Article 53(a) EPC, Rule 28(c) EPC
2. The method of claim 1 for obtaining polypeptide-secreting cells requires the use of a culture of primate pluripotent stem cells (pPS) which, according to the description of the application, includes human embryonic stem (hES) cells (cf. page 6, lines 19 to 20 of the application as filed). In the decision G 2/06 (supra), the Enlarged Board of Appeal considered that "(b)efore human embryonic stem cell cultures can be used they have to be made" and that, if the "only teaching of how to perform the invention to make human embryonic stem cell cultures is the use (involving their destruction) of human embryos, this invention falls under the prohibition of Rule 28(c) EPC" (cf. G 2/06, supra, point 22 of the Reasons). The Enlarged Board of Appeal further decided that the argument of the appellant that, for the assessment of patentability of these inventions, "all the steps preceding an invention for the purposes of Rule 28(c) EPC" should not be taken into account, was not relevant. Thus, the Enlarged Board decided that these steps had to be considered (cf. G 2/06, supra, point 23 of the Reasons).

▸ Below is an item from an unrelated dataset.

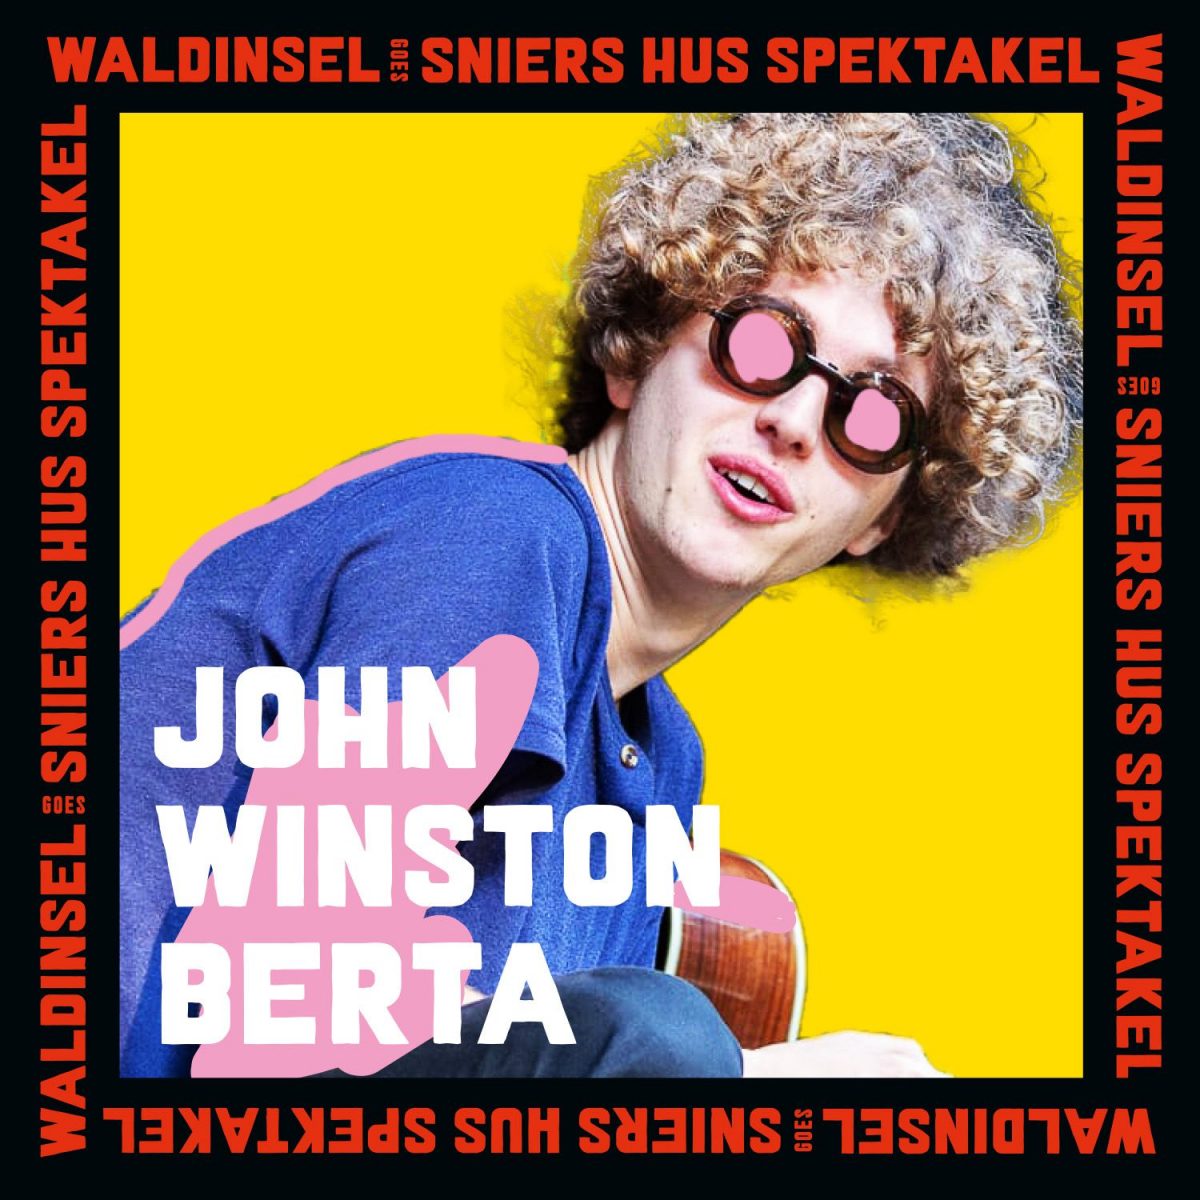 Waldinsel goes Sniers Hus Spektakel Vol. 2  John Winston Berta

3. At the relevant date of the patent in suit, the known and practised method for achieving cultures of hES cells, i.e. the starting material of the method of claim 1, included preceding steps that involved the destruction of human embryos. These destructive methods are not excluded from the scope of claim 1. Thus, in accordance with decision G 2/06 (supra), the board decides that the Main Request is not allowable under Article 53(a) EPC and Rule 28(c) EPC.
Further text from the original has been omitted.